[Start of Attachment]

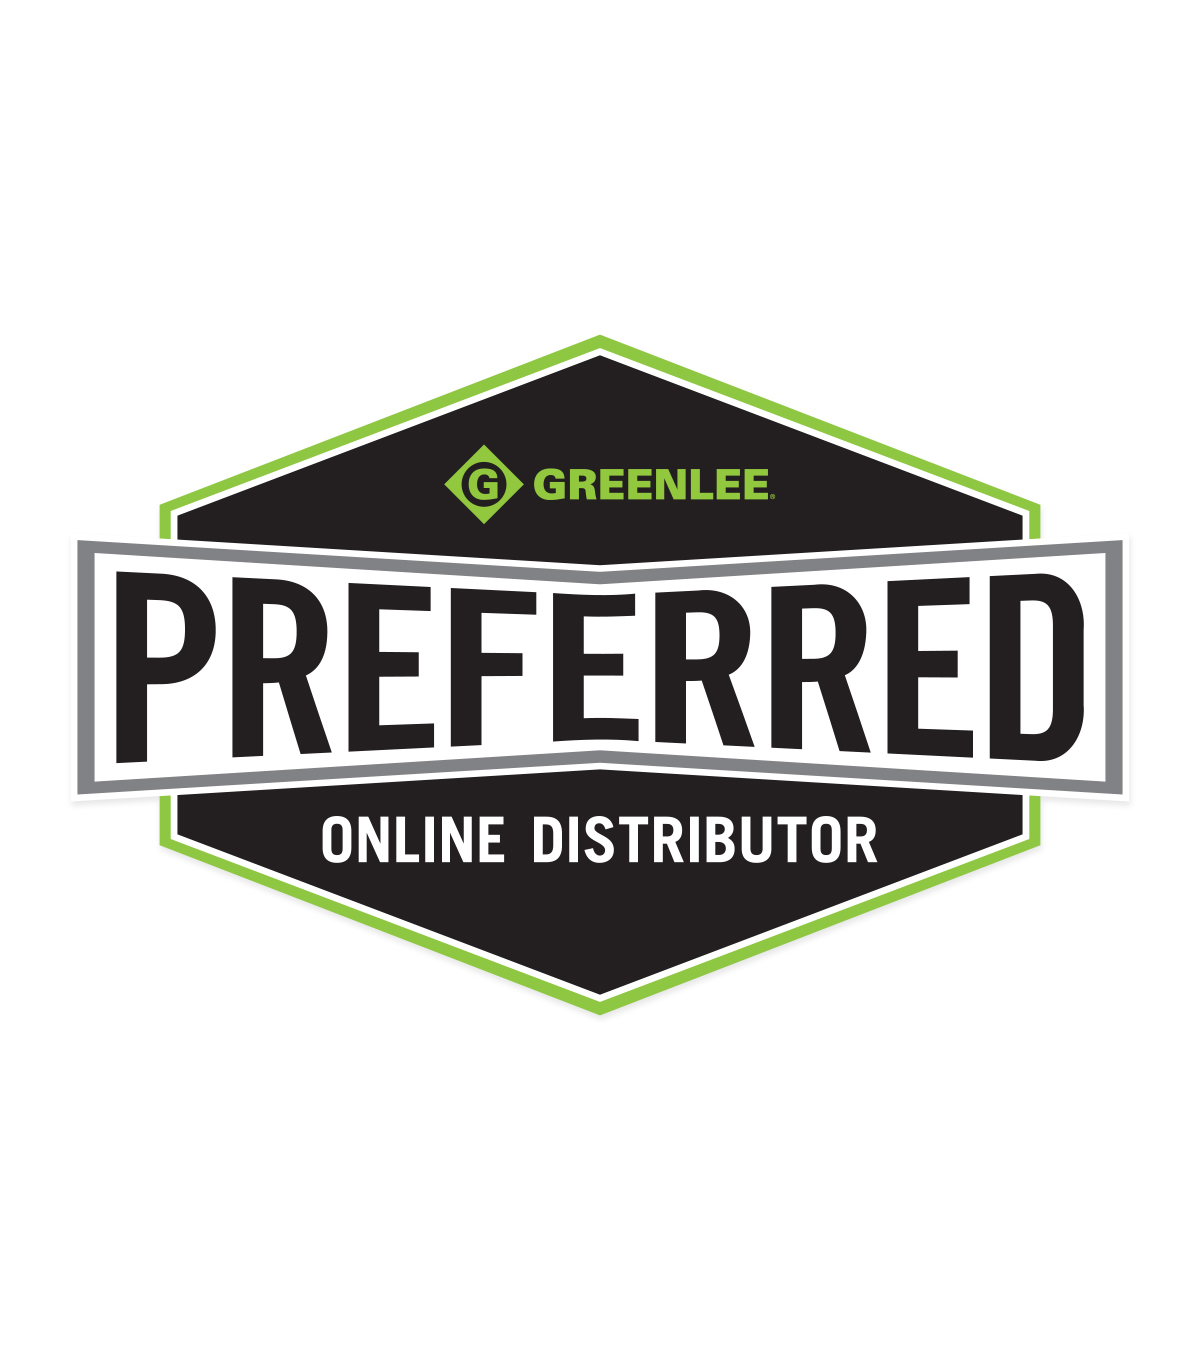 Greenlee Preferred Online Distributor
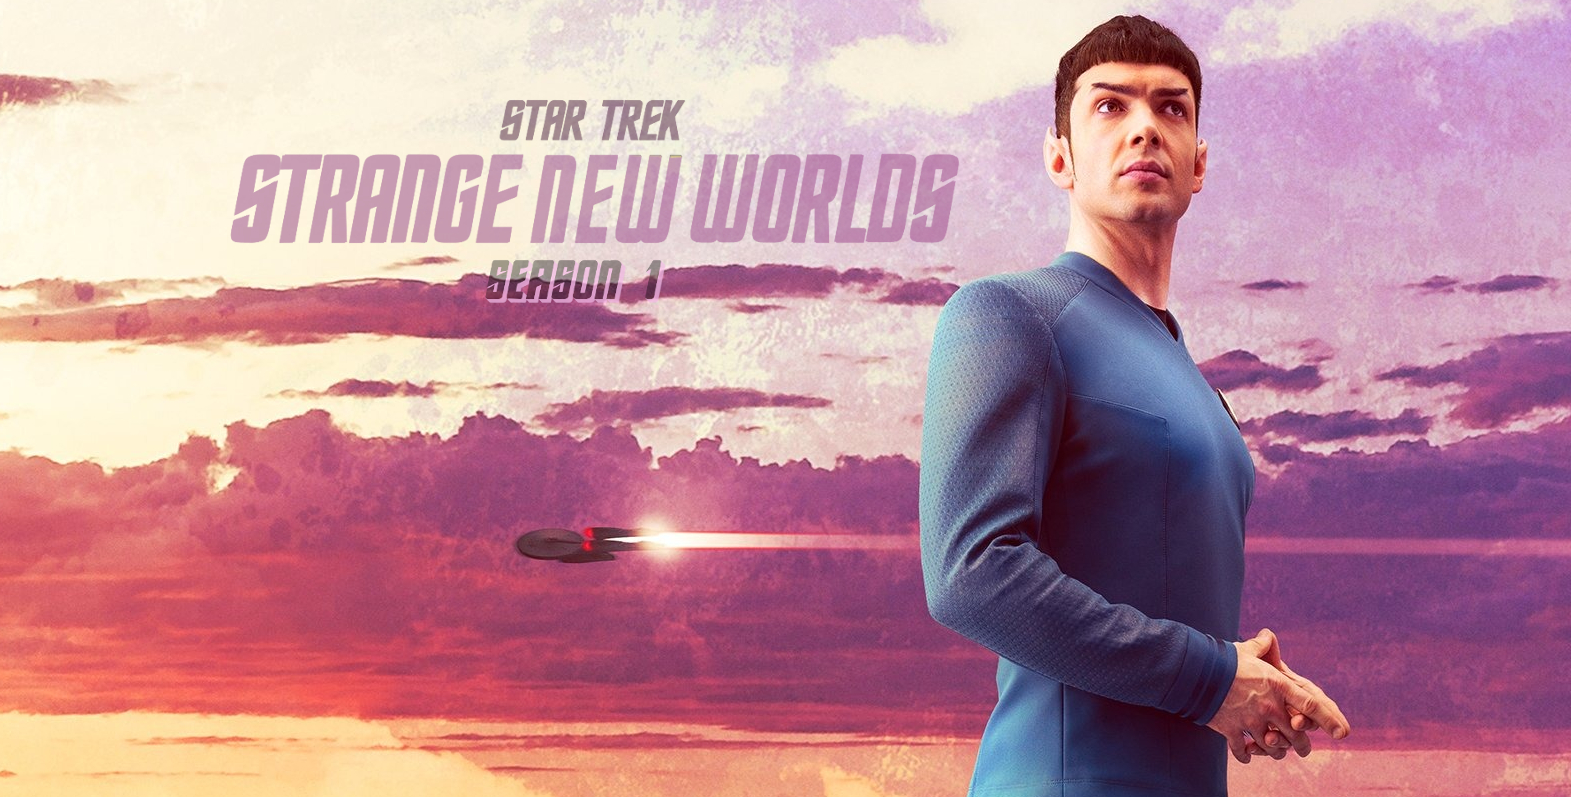 Rezension: Star Trek: Strange New Worlds 1x05 - "Spock Amok" 44
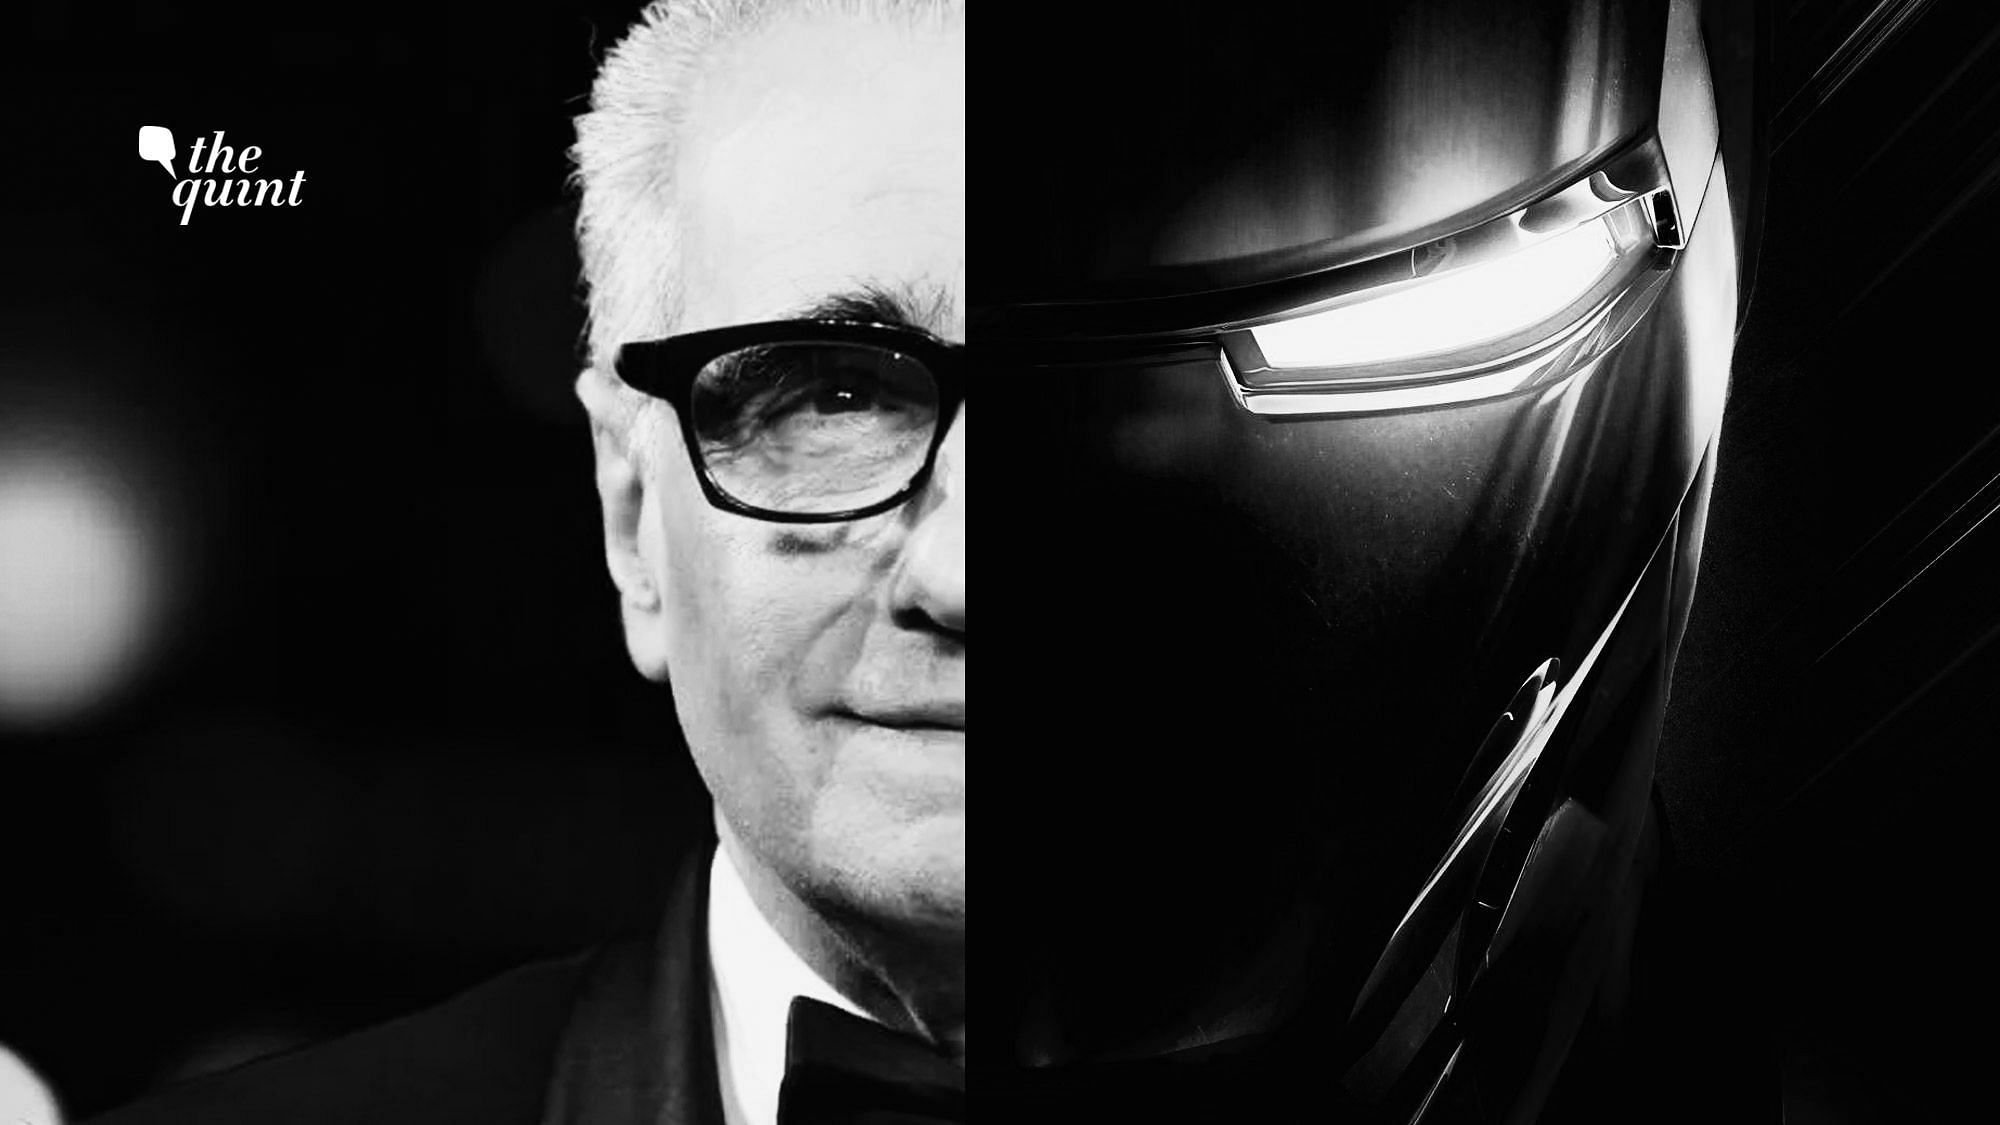 A superhero movie buff’s letter to Martin Scorsese.
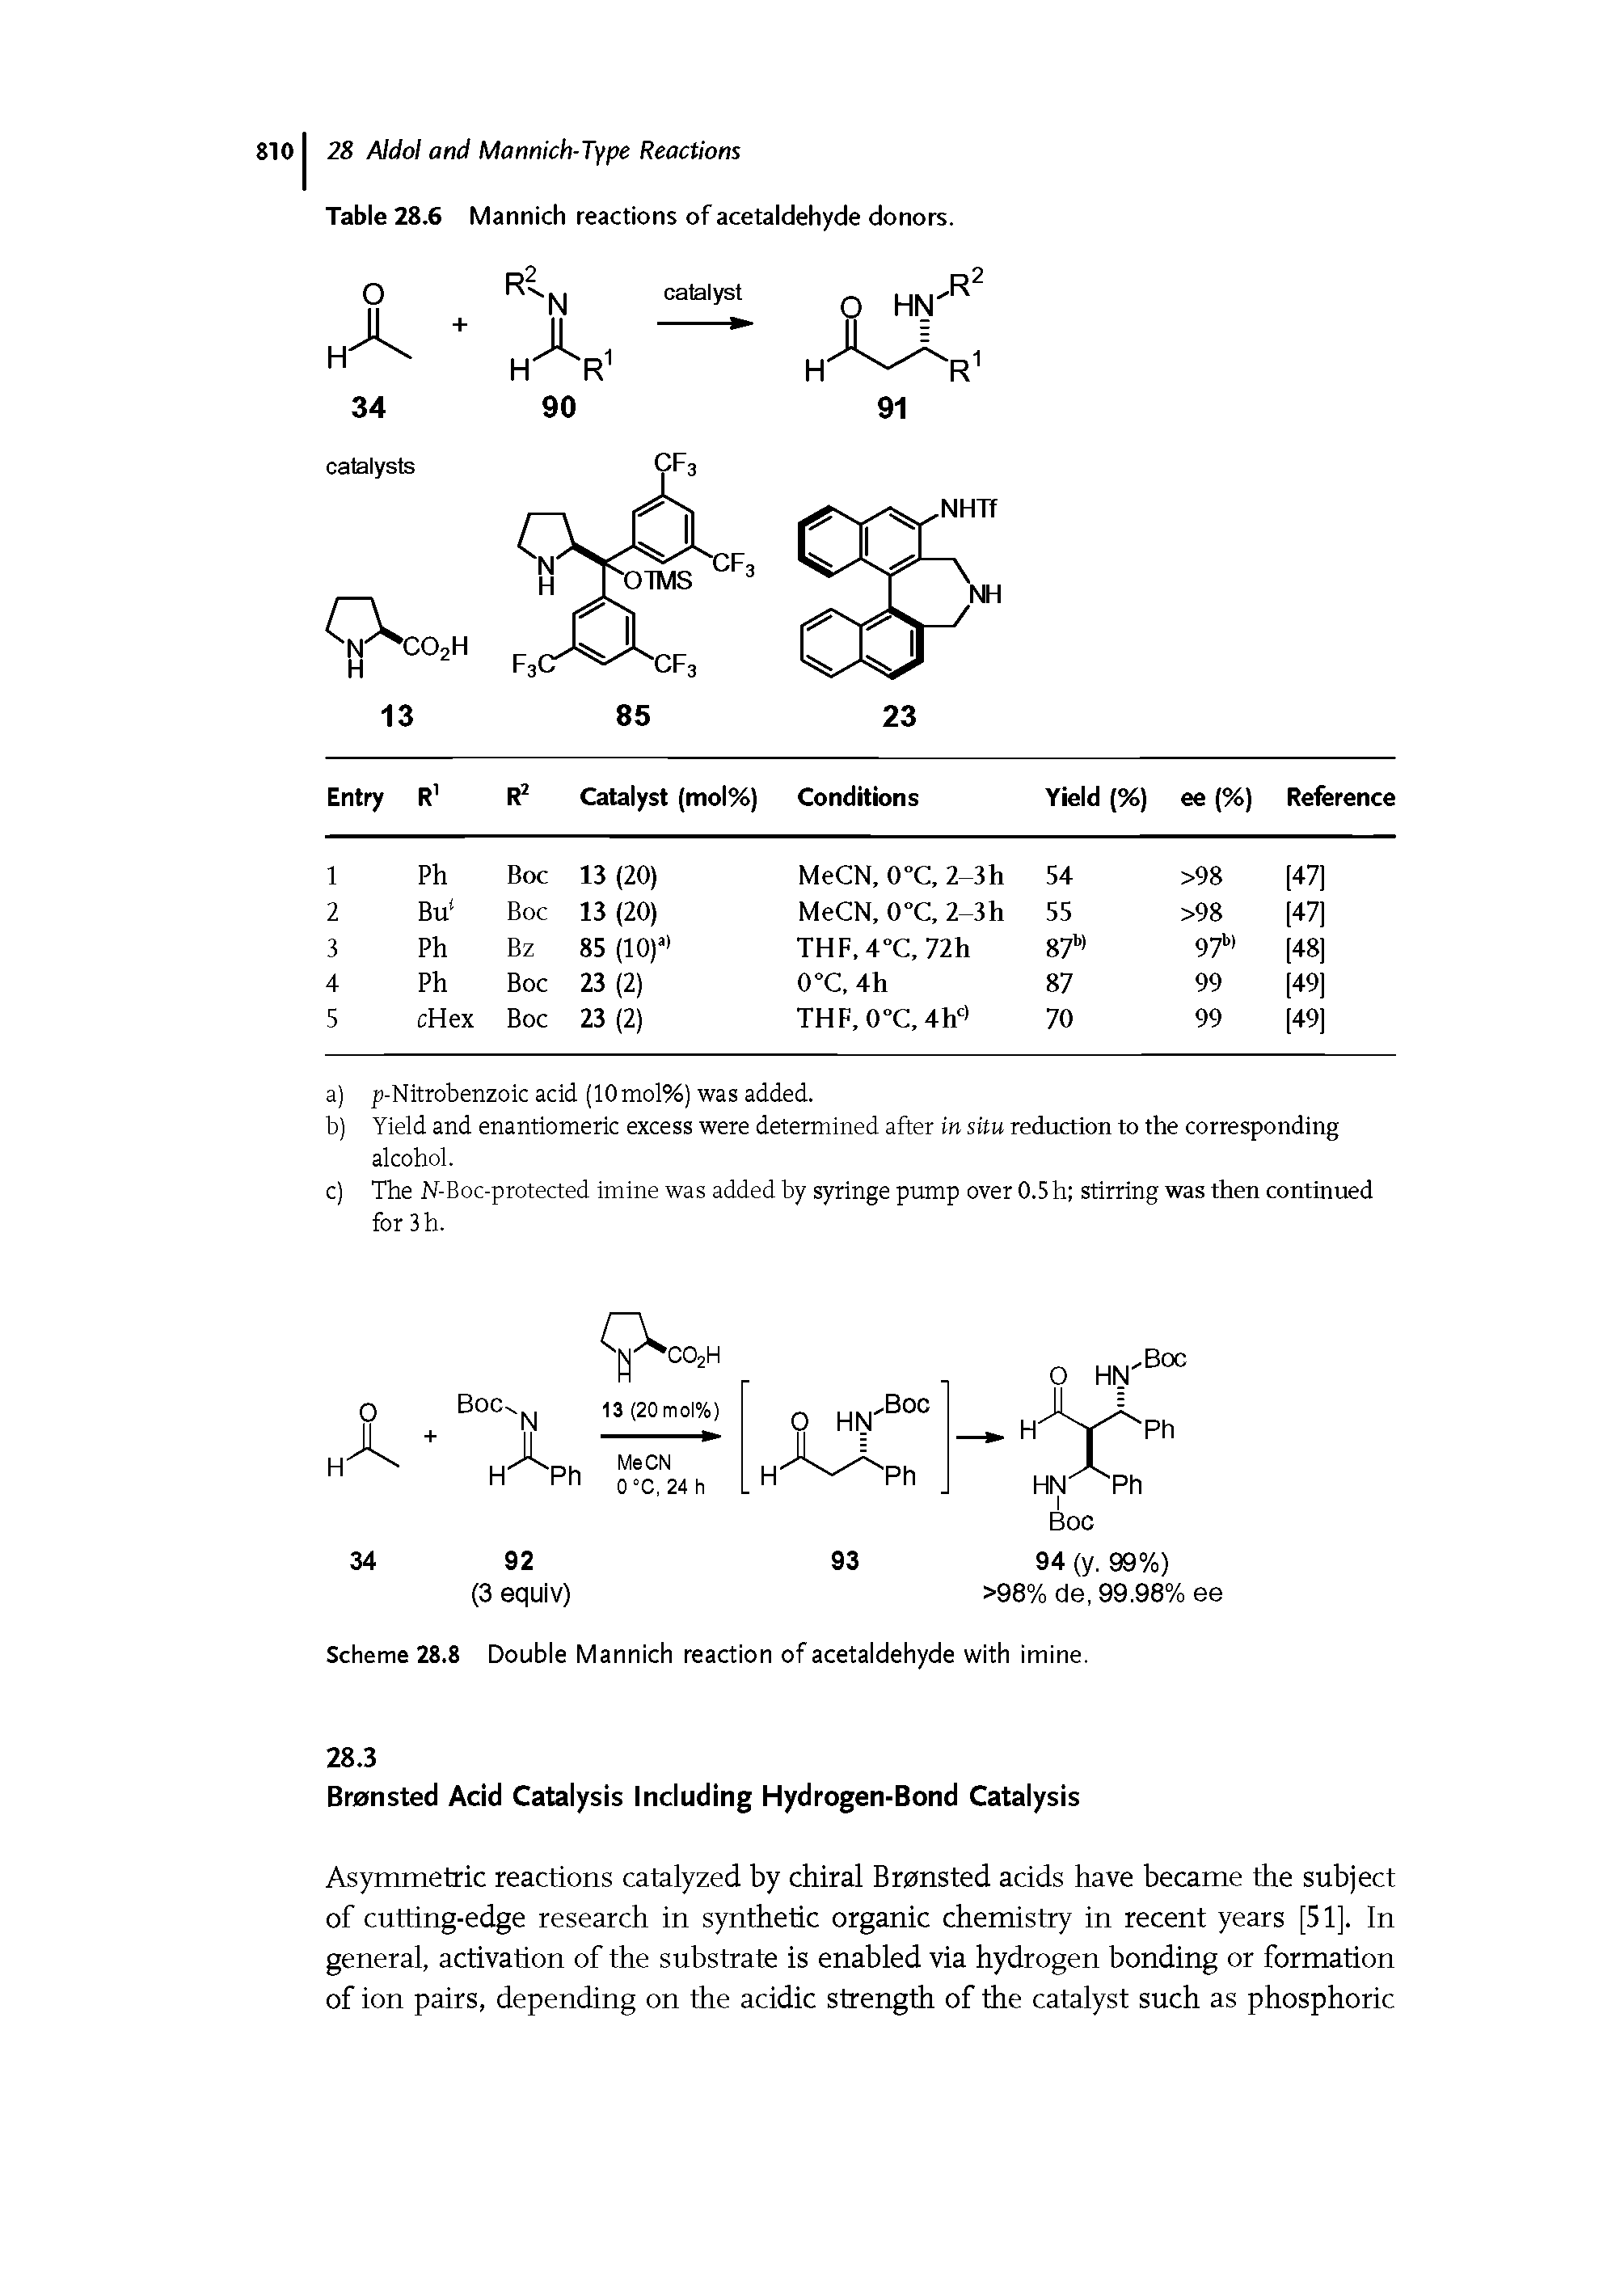 Scheme 28.8 Double Mannich reaction of acetaldehyde with imine.

[End of Attachment]

# Exercise instructions
Word-for-word transcription: the whole listing, with images excluded.

# Result of this exercise
 Greenlee Preferred Online Distributor
 Rezension: Star Trek: Strange New Worlds 1x05 - "Spock Amok" 44
 A superhero movie buff’s letter to Martin Scorsese.
 Scheme 28.8 Double Mannich reaction of acetaldehyde with imine.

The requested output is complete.